_Dataset content_

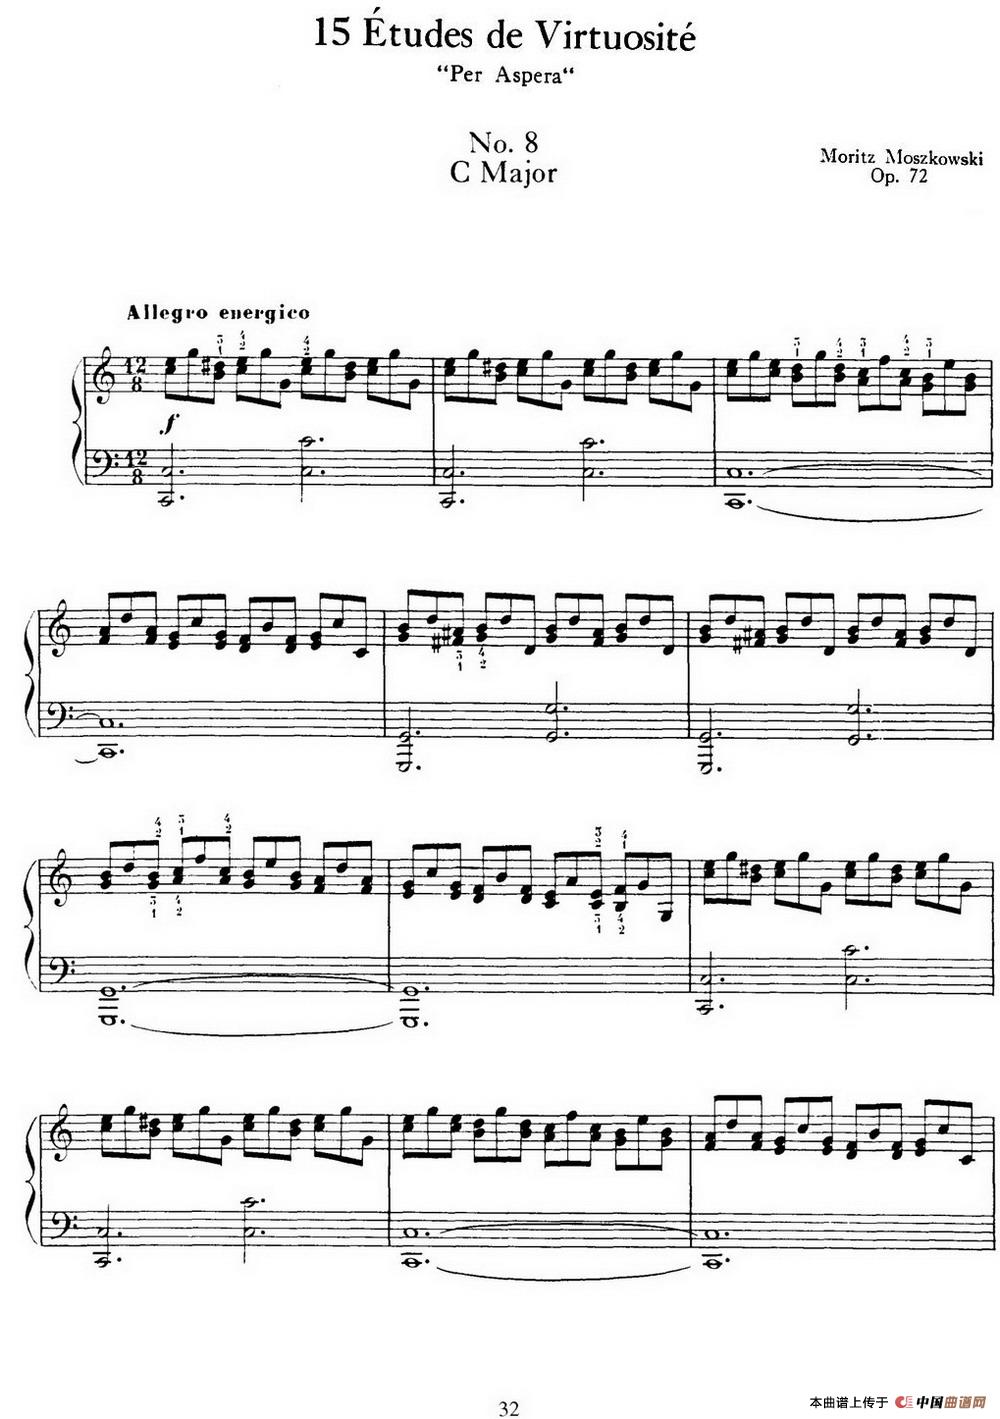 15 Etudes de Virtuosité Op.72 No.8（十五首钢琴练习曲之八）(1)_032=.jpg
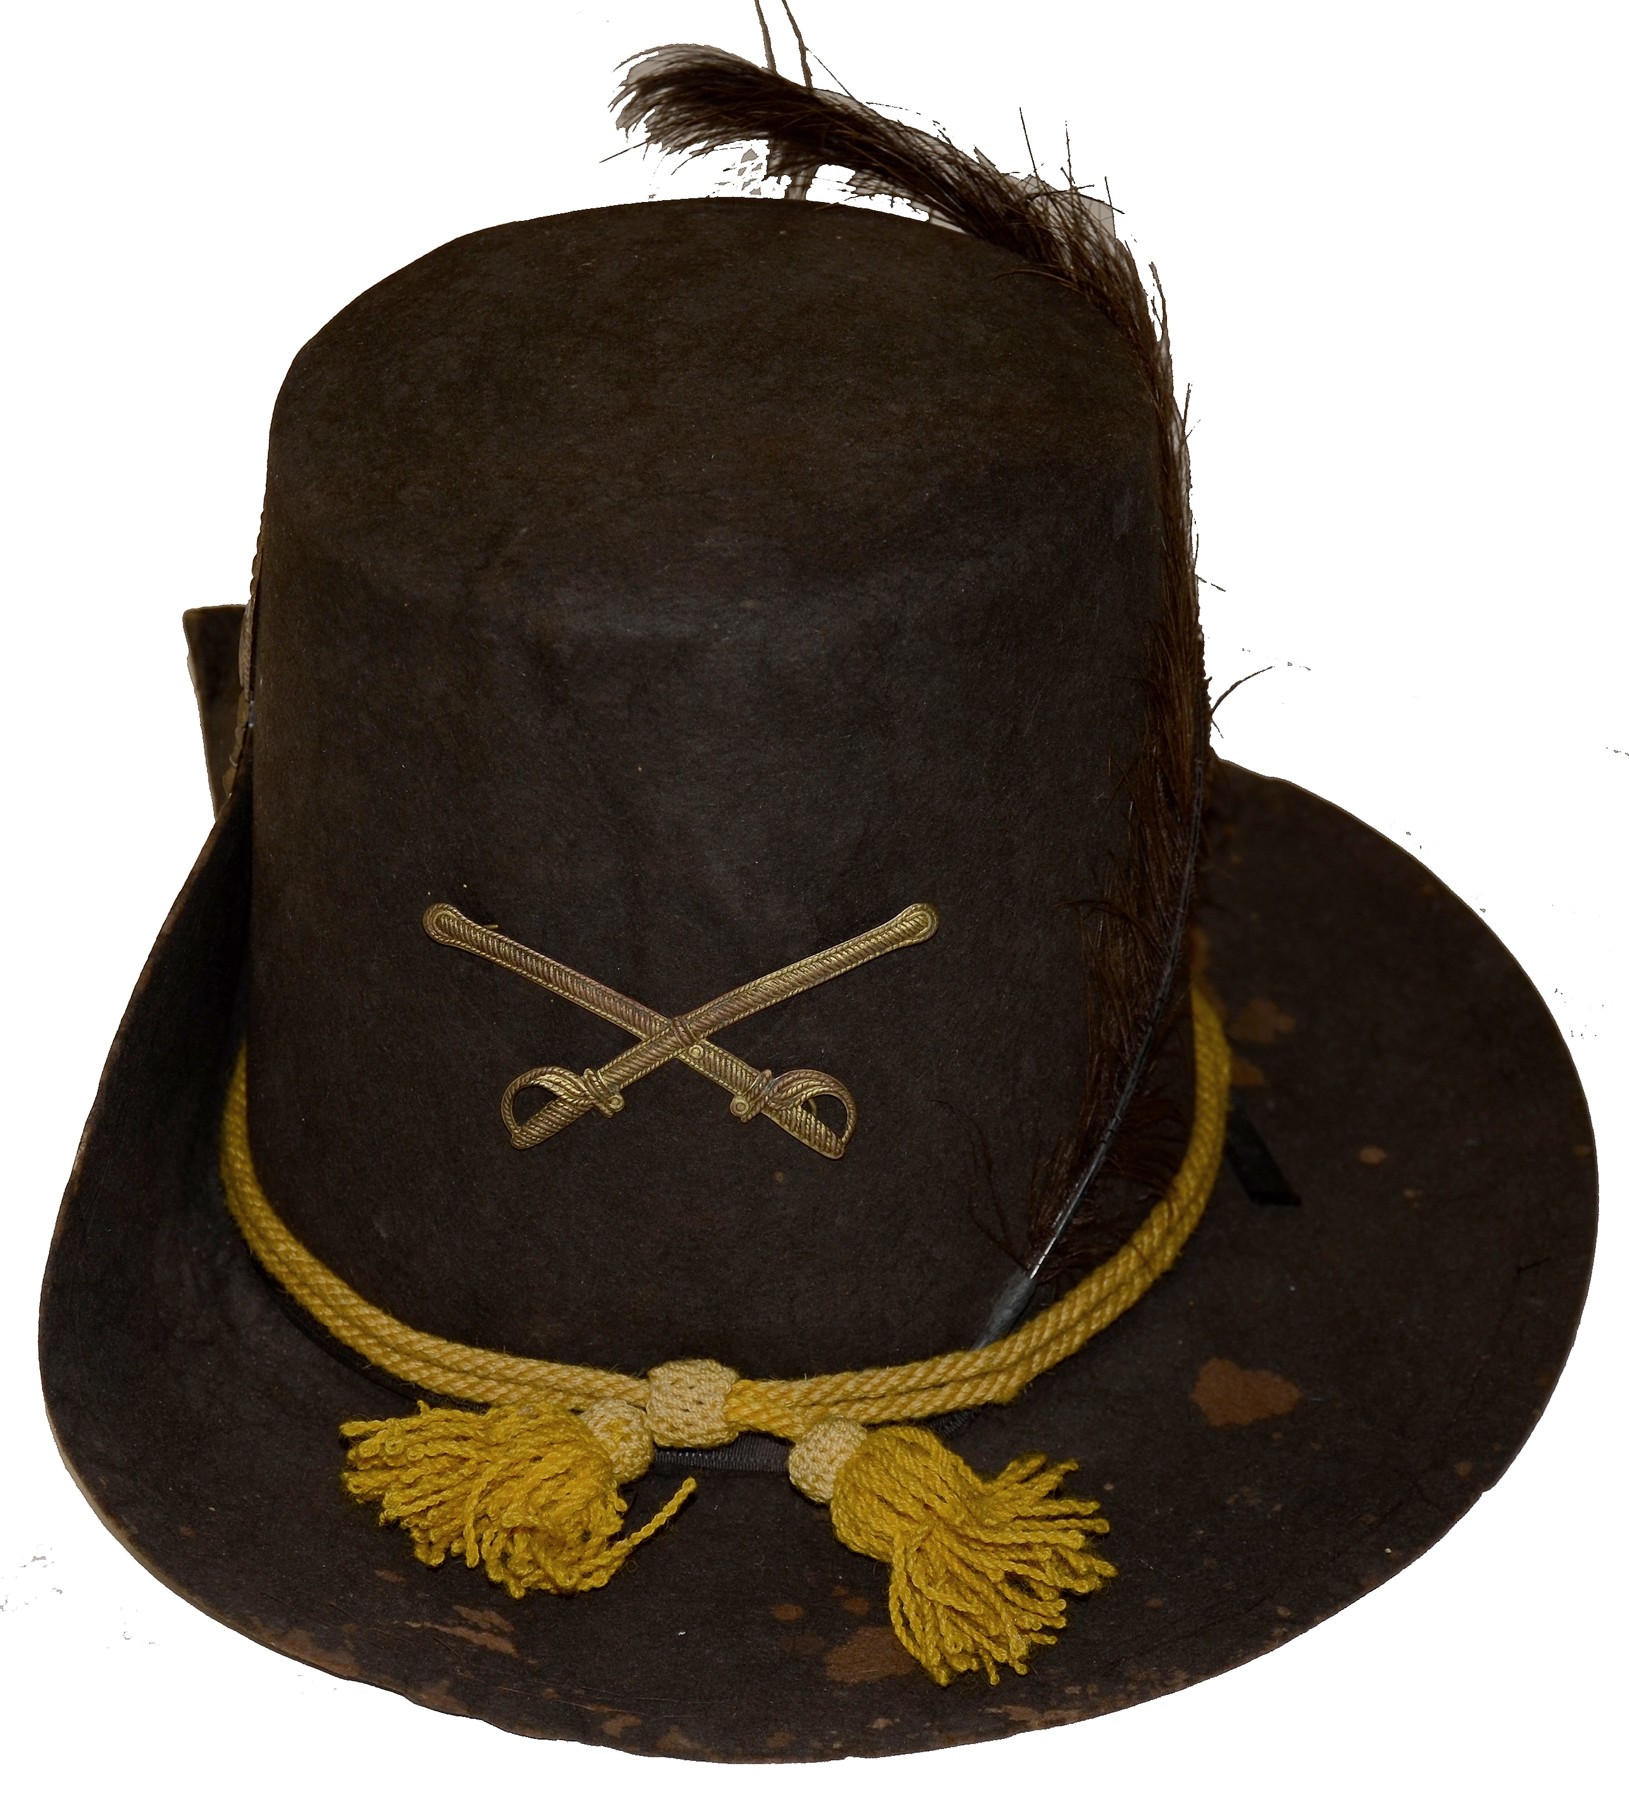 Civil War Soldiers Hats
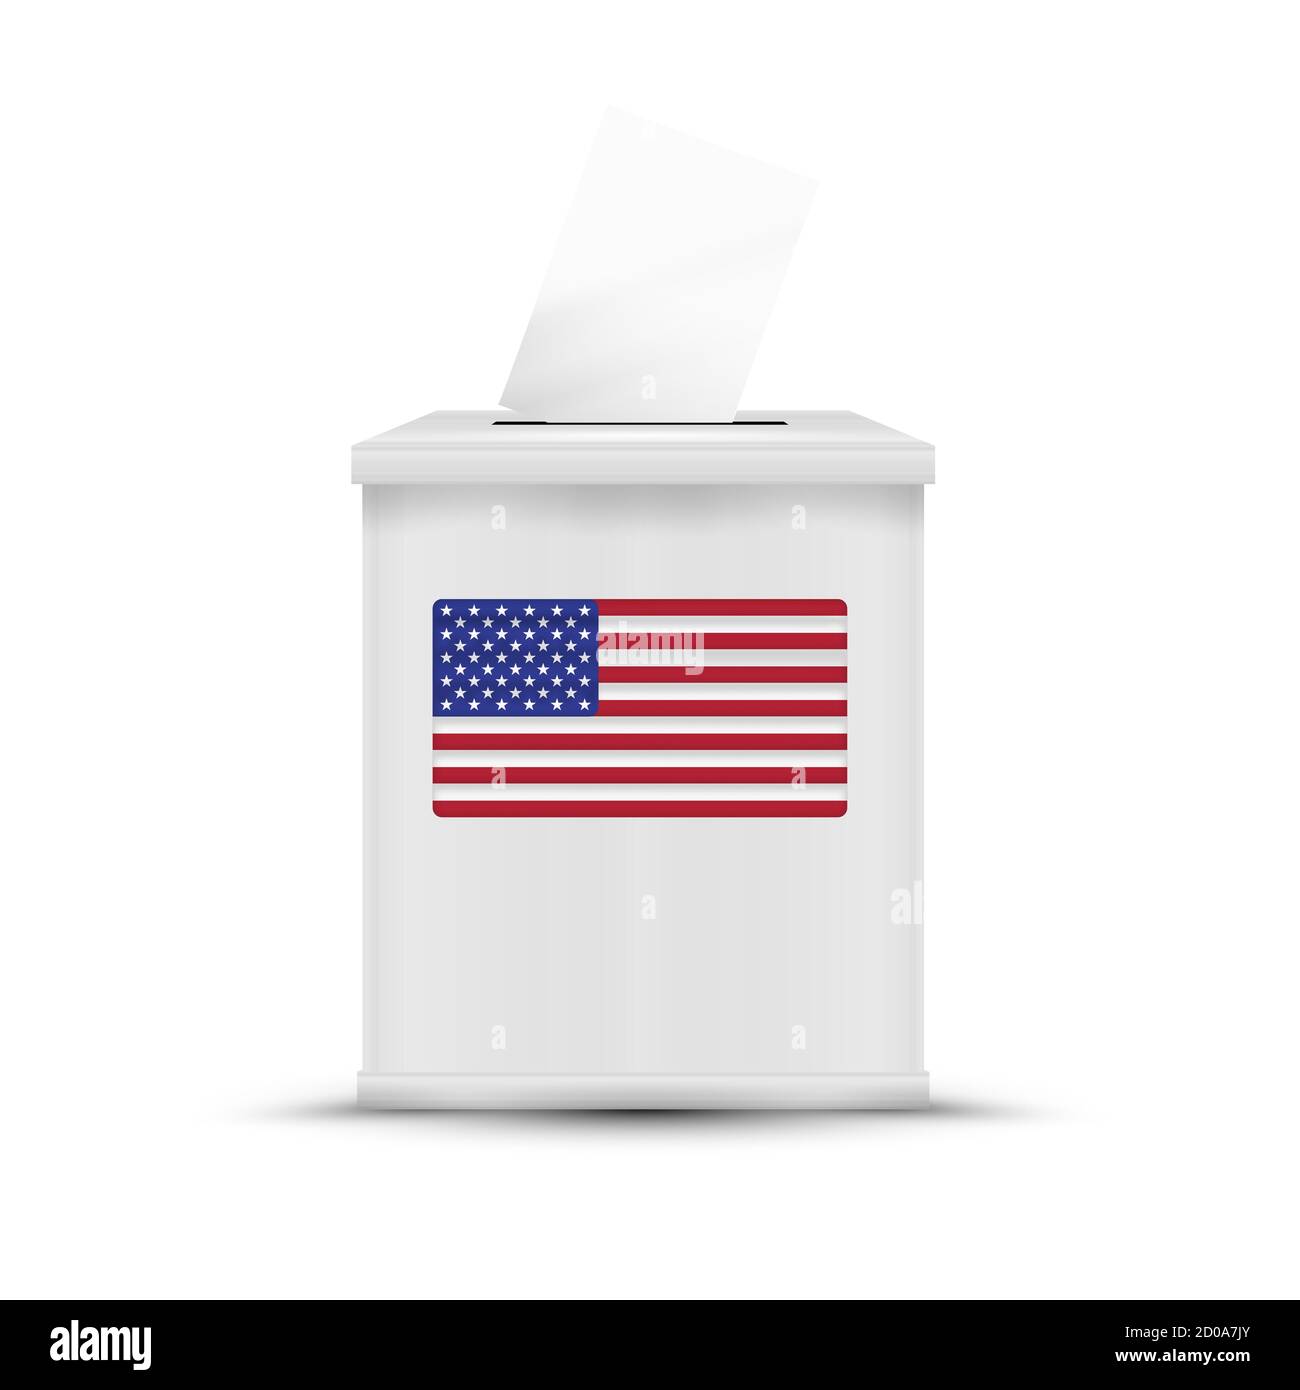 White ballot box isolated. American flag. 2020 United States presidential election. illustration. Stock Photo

_Brief_
Only an exact copy of the lines from the one with "Civil War Soldiers Hats" through the last line of the listing should be given; pictures must not be included.

_Answer below_
 Civil War Soldiers Hats
 White ballot box isolated. American flag. 2020 United States presidential election. illustration. Stock Photo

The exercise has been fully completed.